*Task goal:* The listing is to be reproduced exactly, excluding its pictures.

*Collected material:*

-- Opening Marker --

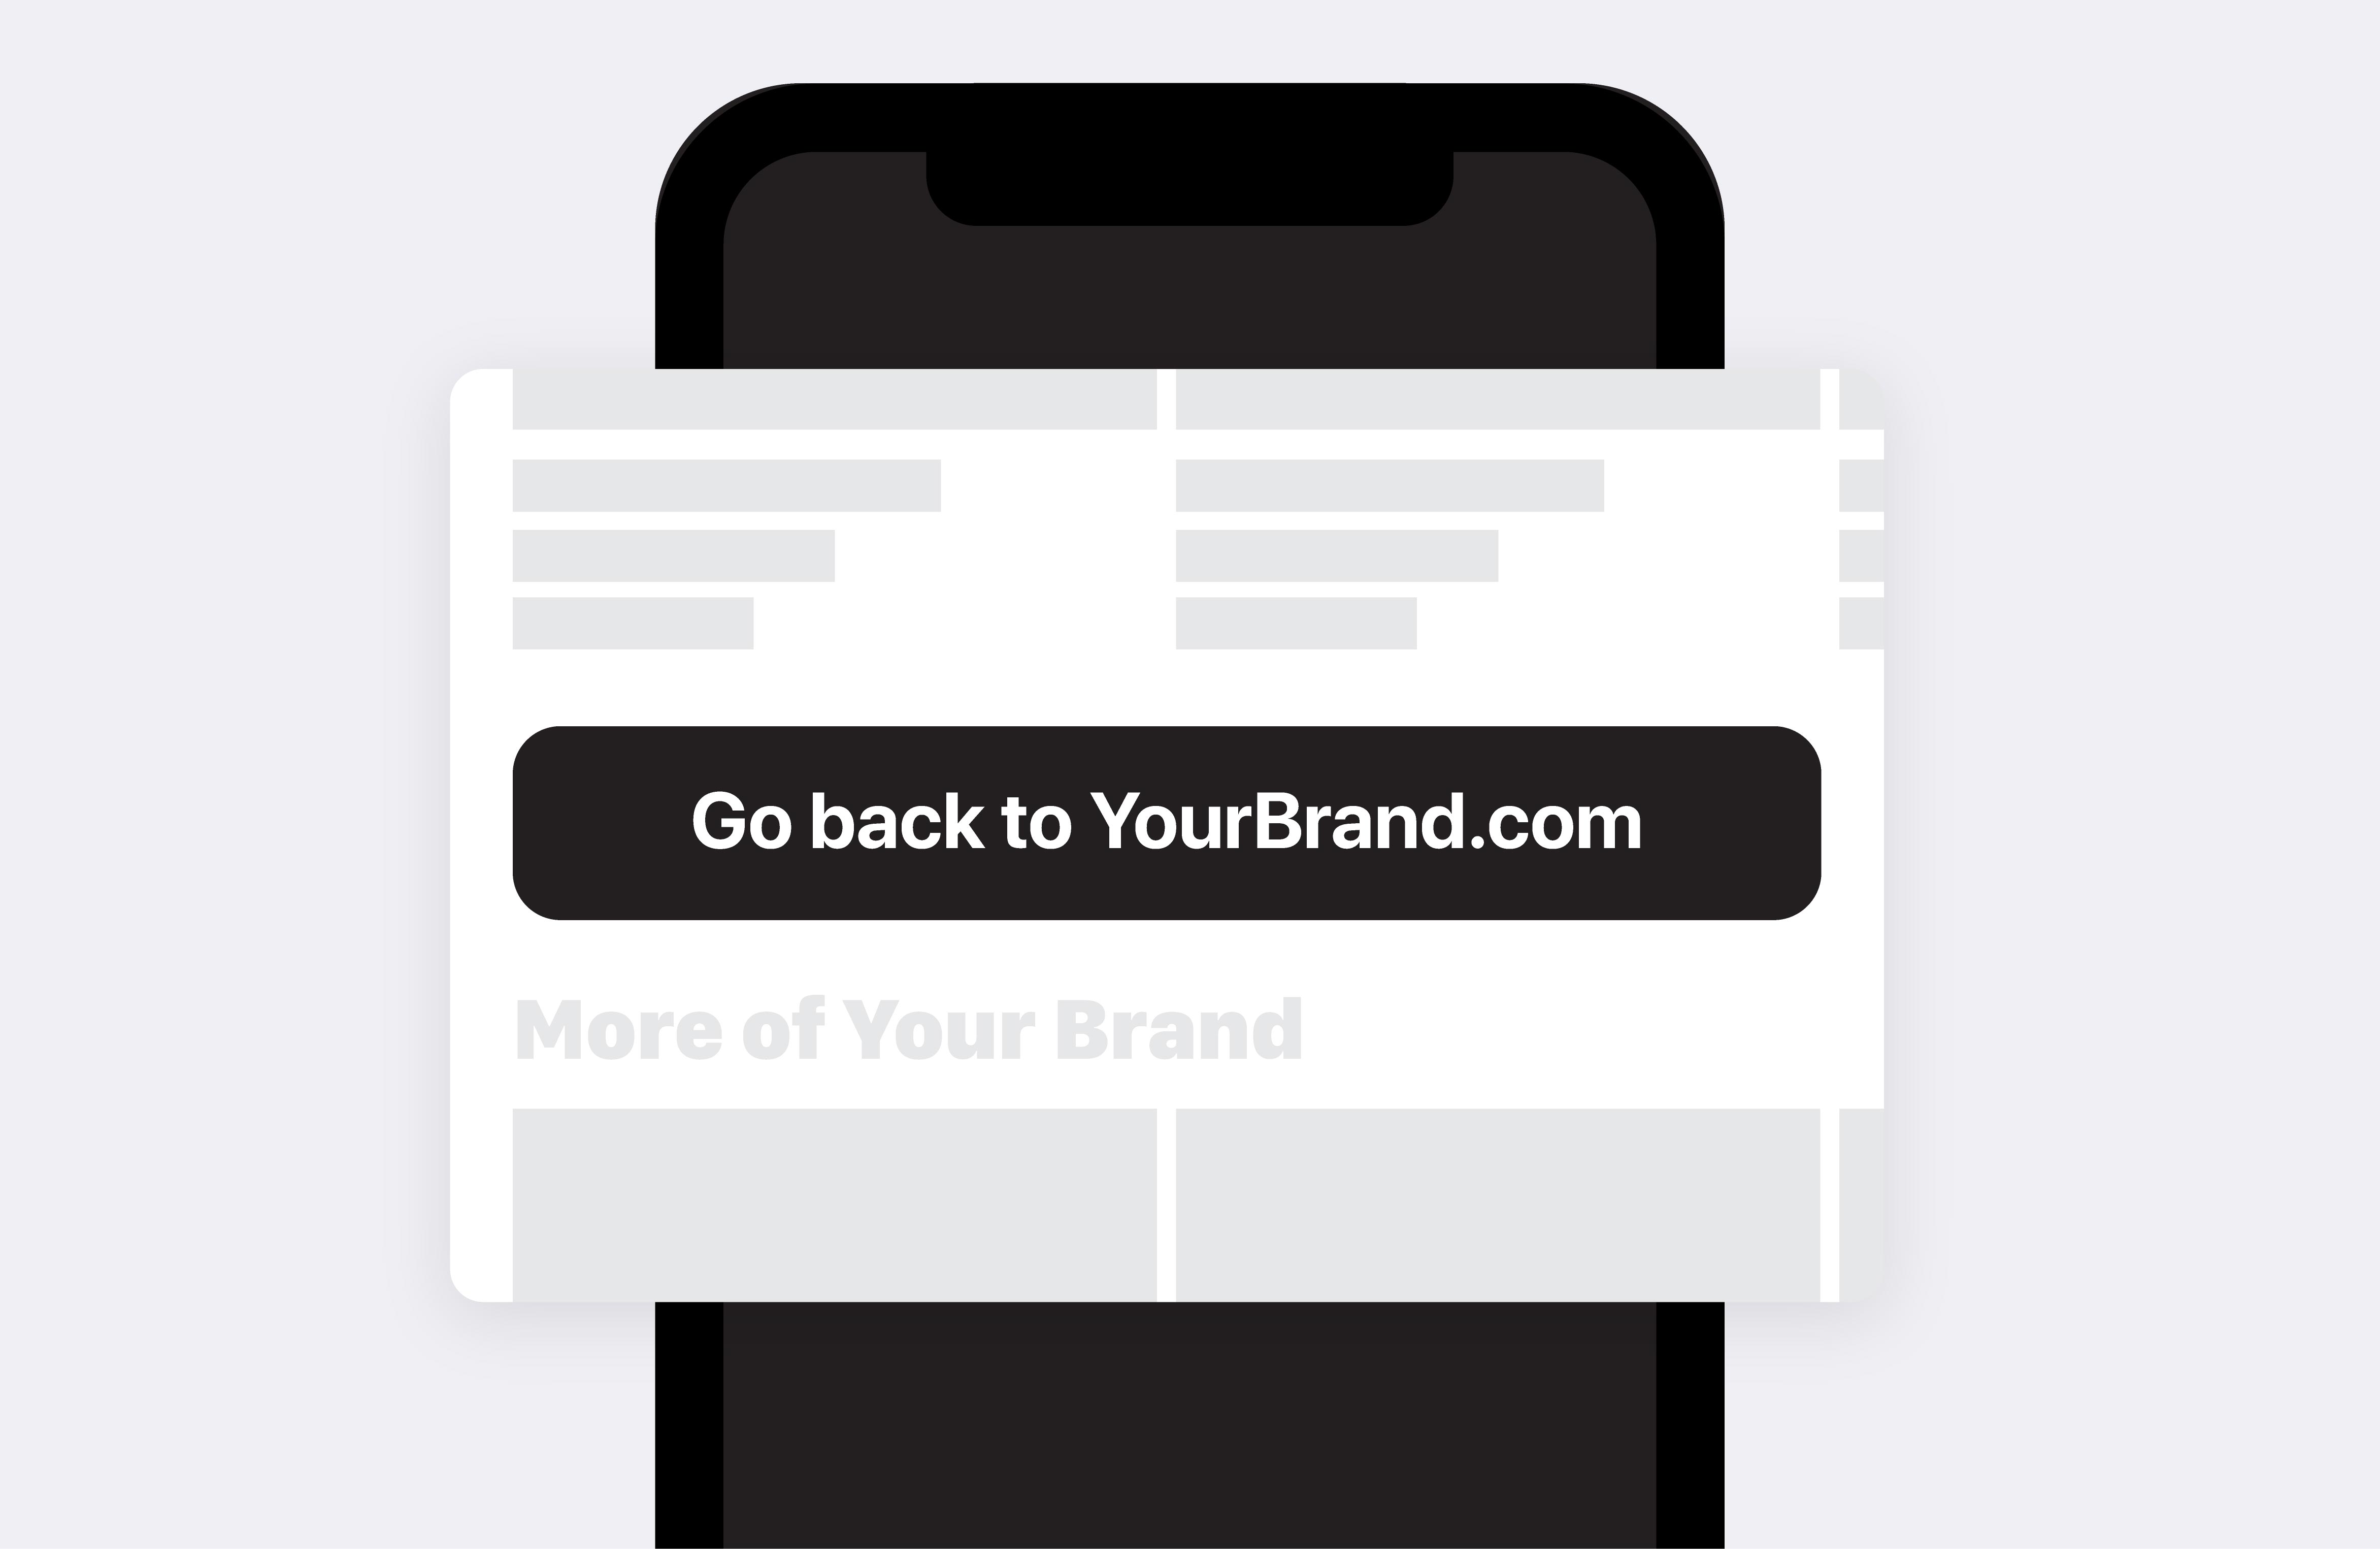 Go back to the brand's webpage button on the app
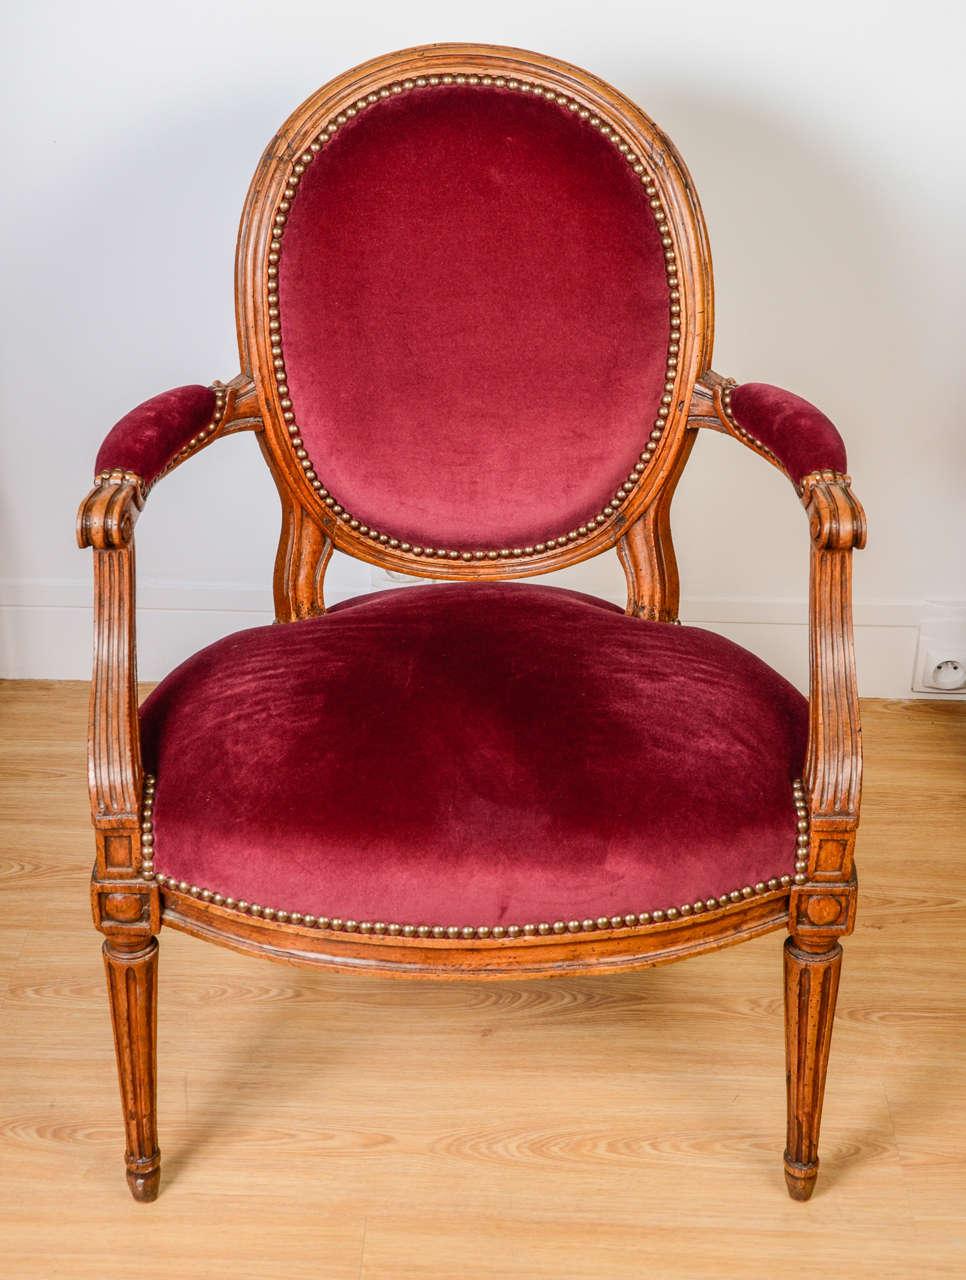 Set of two cabriolet armchairs (can form a pair), one bearing the stamp of Jean-Baptiste-Claude Sene (October 24, 1748 - February 10, 1803), Master in 1769; the other is an almost identical but later model.
Beautiful redone upholstery and burgundy
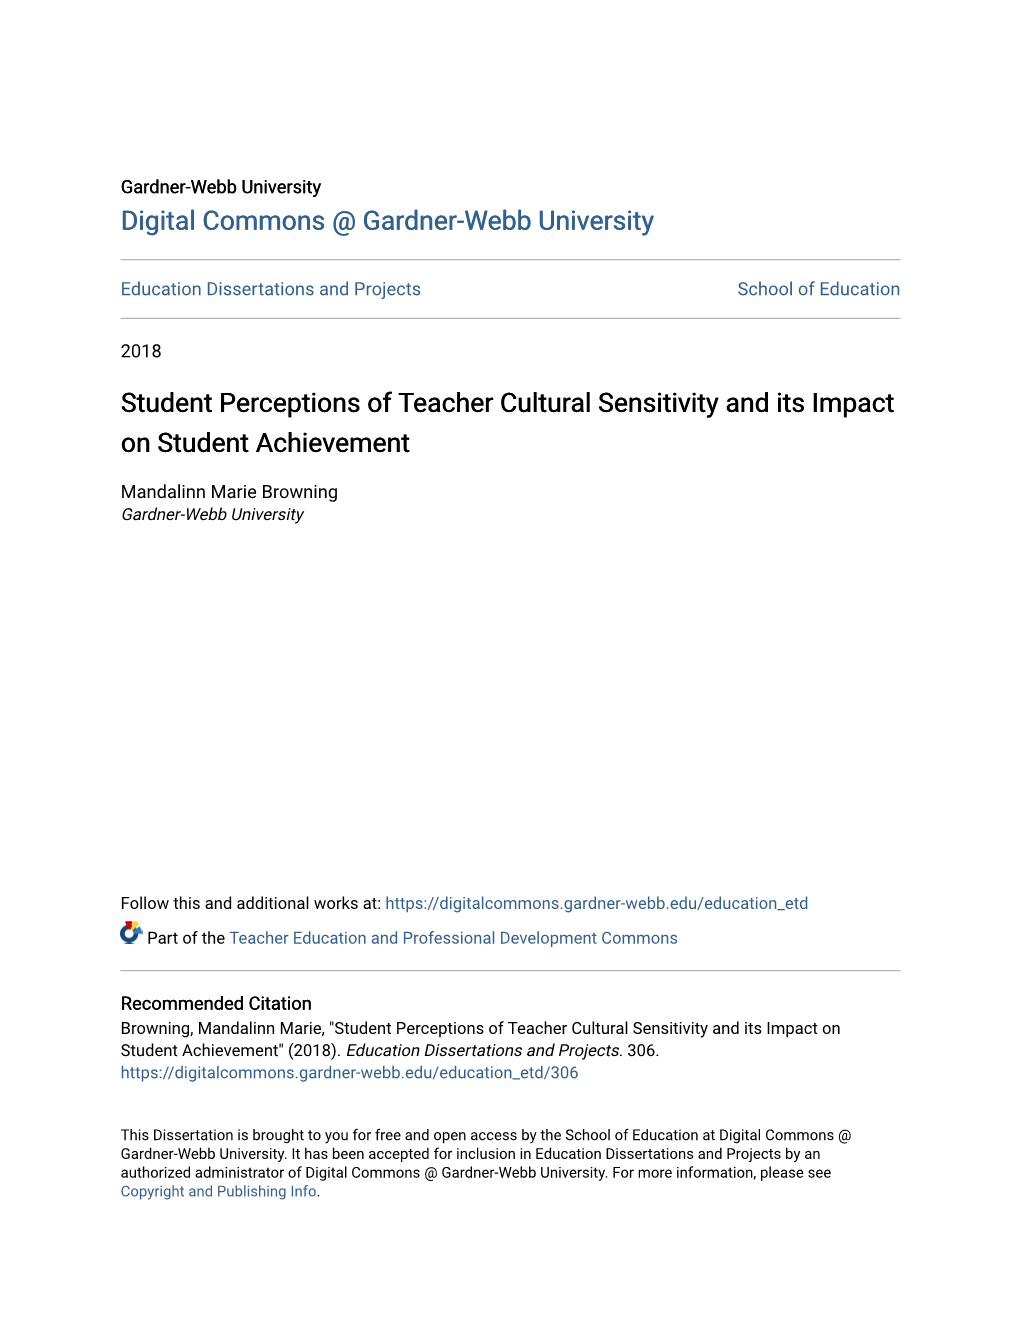 Student Perceptions of Teacher Cultural Sensitivity and Its Impact on Student Achievement

-- Closing Marker --

*Solution:*
 Go back to the brand's webpage button on the app
 Set of two cabriolet armchairs (can form a pair), one bearing the stamp of Jean-Baptiste-Claude Sene (October 24, 1748 - February 10, 1803), Master in 1769; the other is an almost identical but later model.
Beautiful redone upholstery and burgundy
 Student Perceptions of Teacher Cultural Sensitivity and Its Impact on Student Achievement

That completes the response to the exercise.